ABOUT THIS EXERCISE → Could you output the listing that follows exactly, without its images?

INFORMATION PROVIDED →

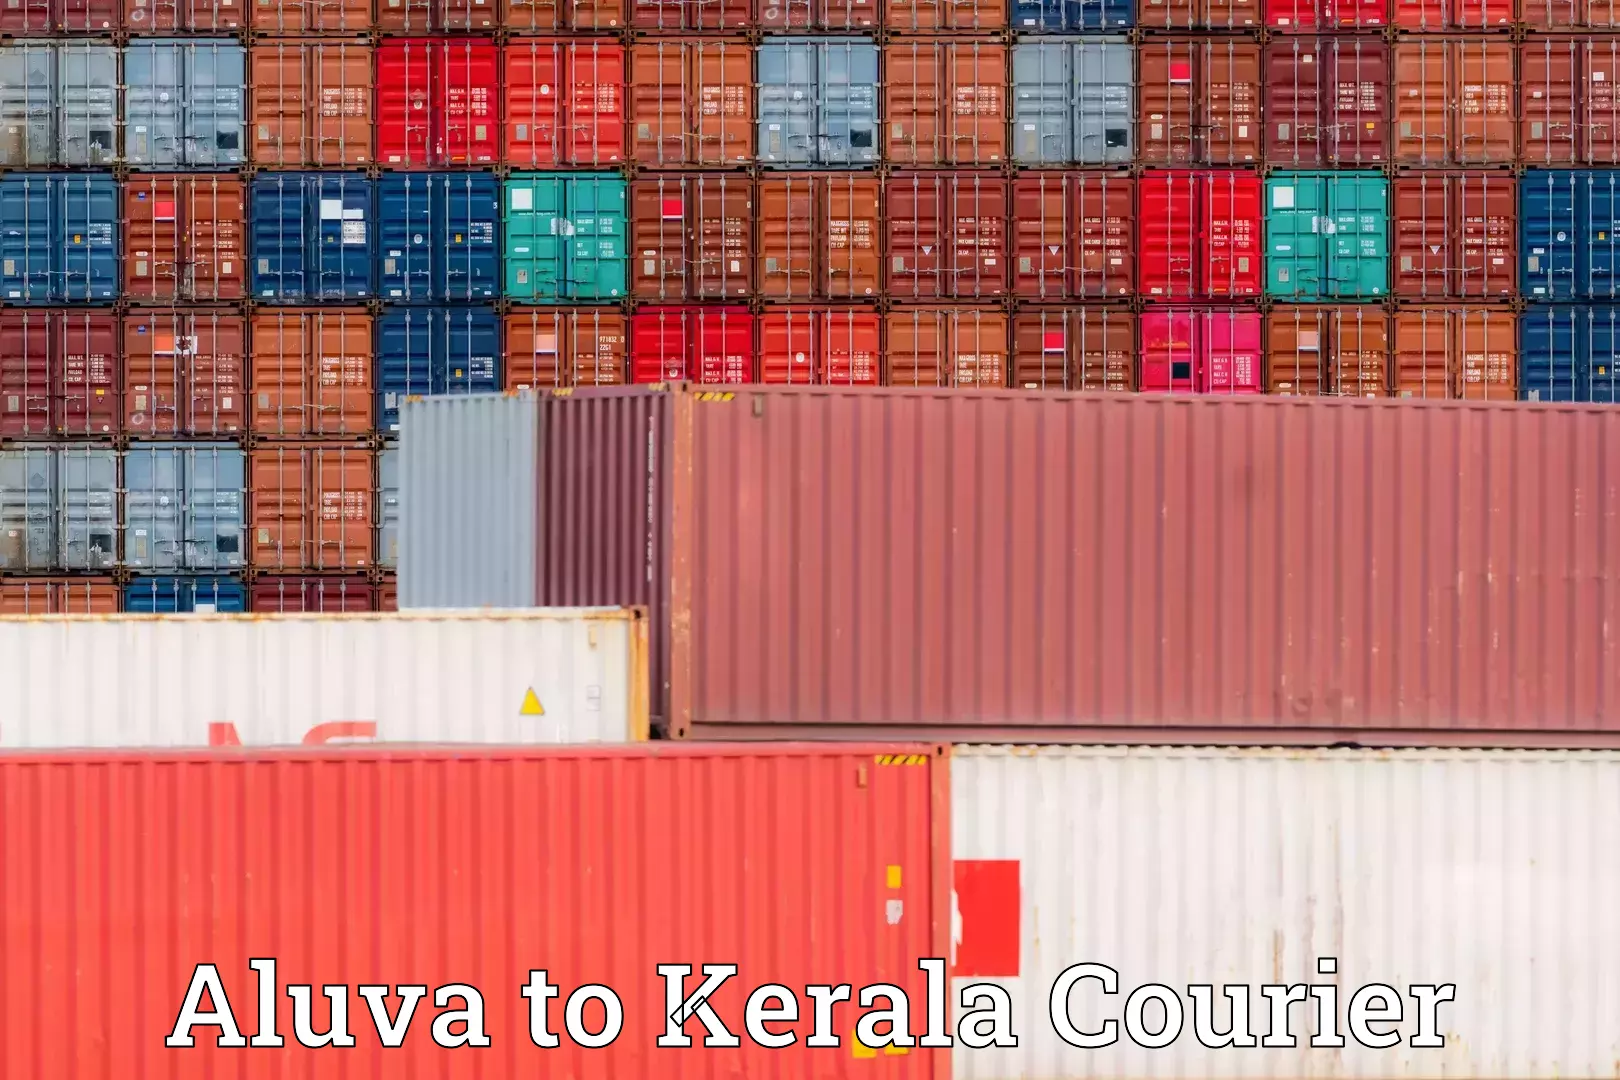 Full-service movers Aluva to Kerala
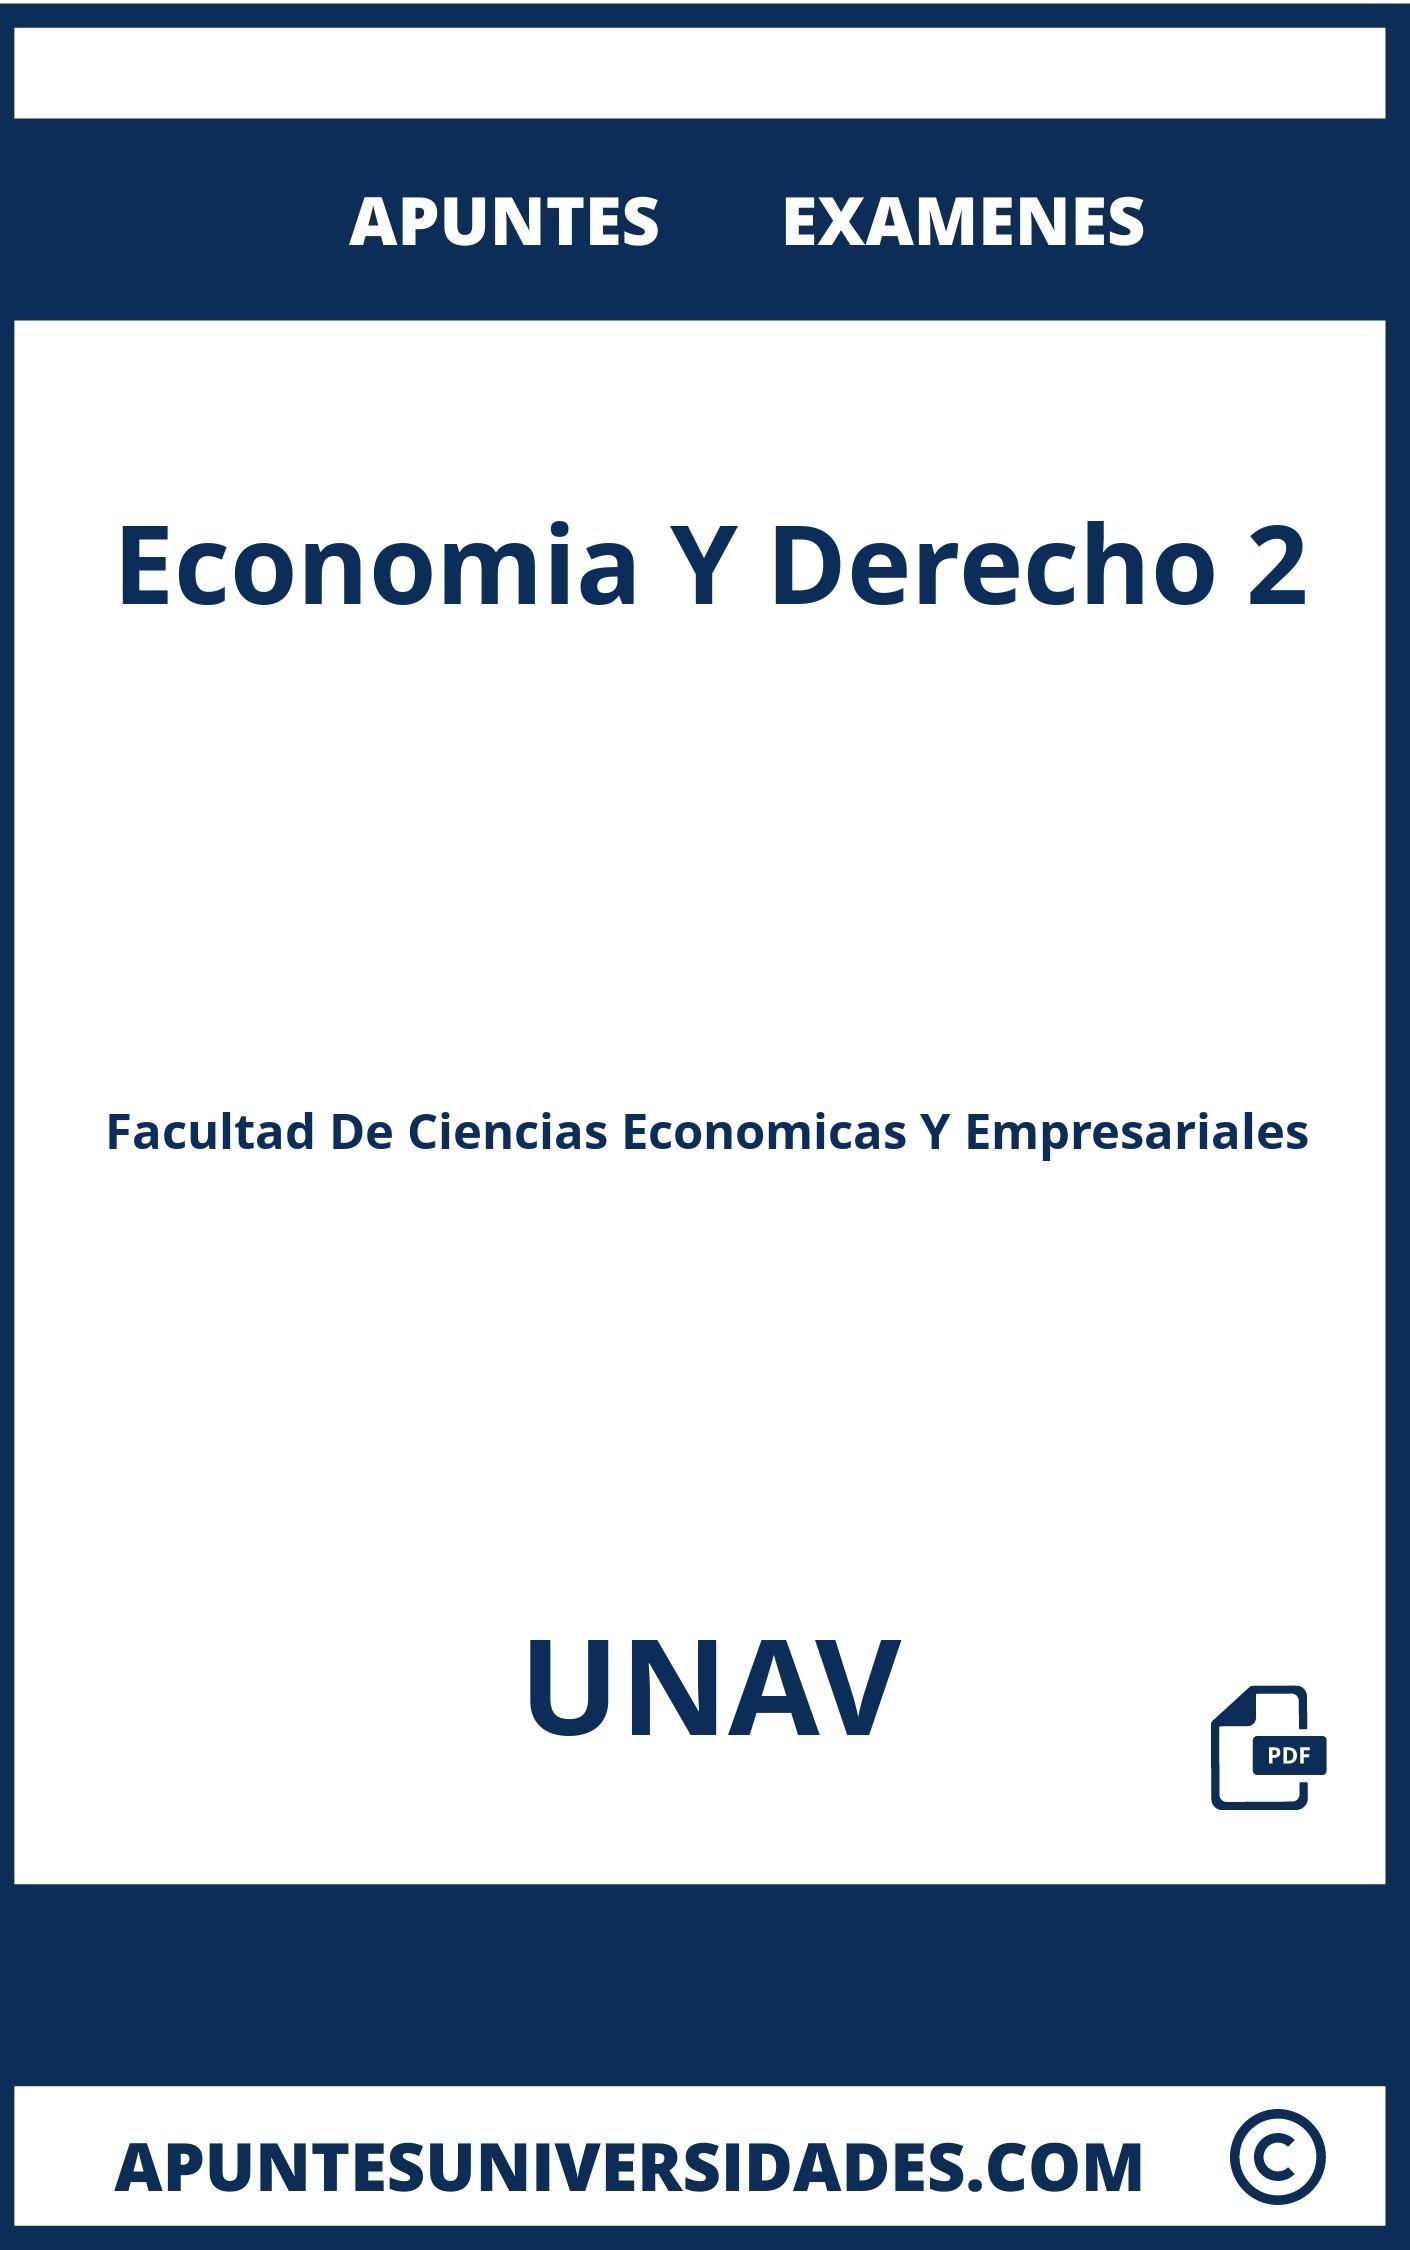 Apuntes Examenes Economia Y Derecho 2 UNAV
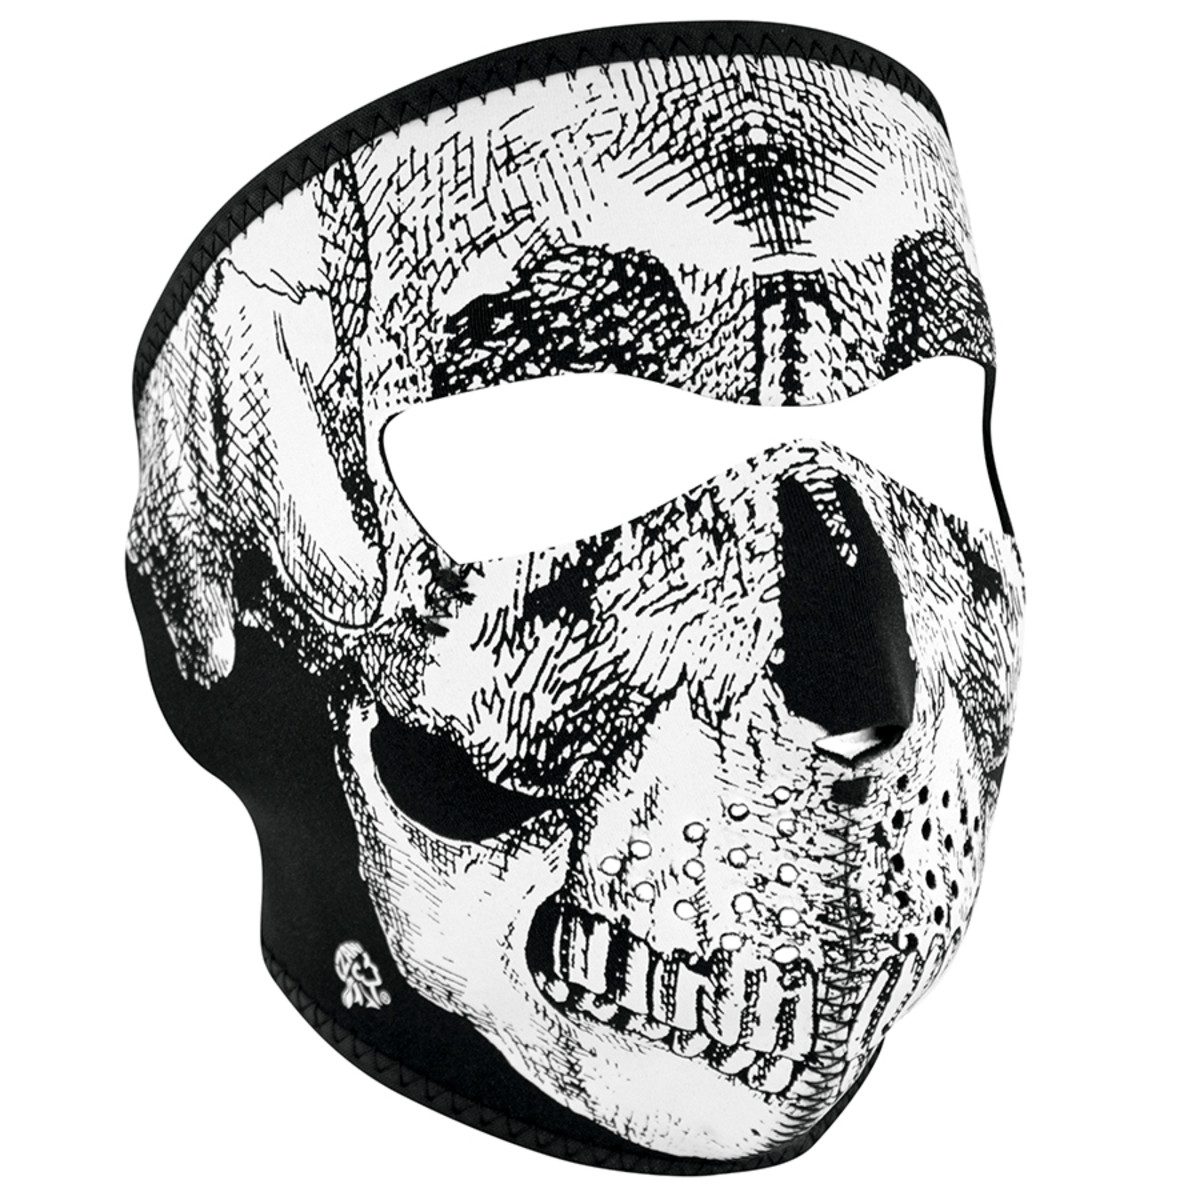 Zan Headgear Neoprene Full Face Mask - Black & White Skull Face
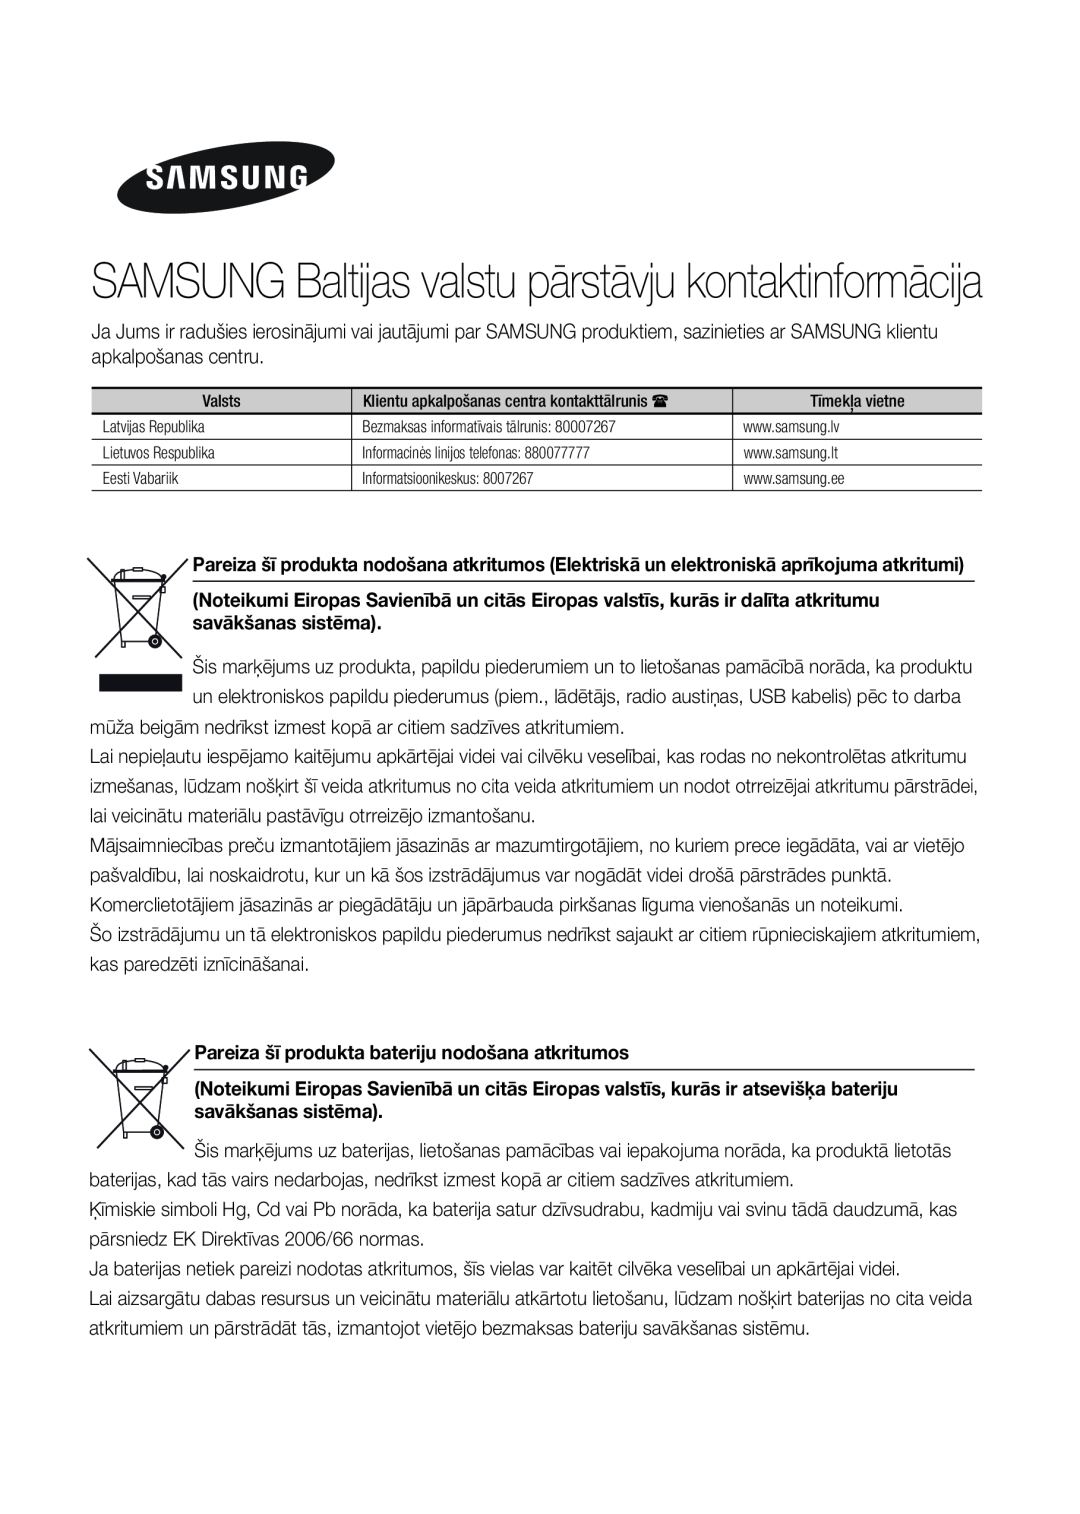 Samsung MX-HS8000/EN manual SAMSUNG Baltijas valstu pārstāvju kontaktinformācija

REPLY TO THE EXERCISE →
 Full-service movers Aluva to Kerala
 Apuntes Examenes Economia Y Derecho 2 UNAV
 Zan Headgear Neoprene Full Face Mask - Black & White Skull Face
 Samsung MX-HS8000/EN manual SAMSUNG Baltijas valstu pārstāvju kontaktinformācija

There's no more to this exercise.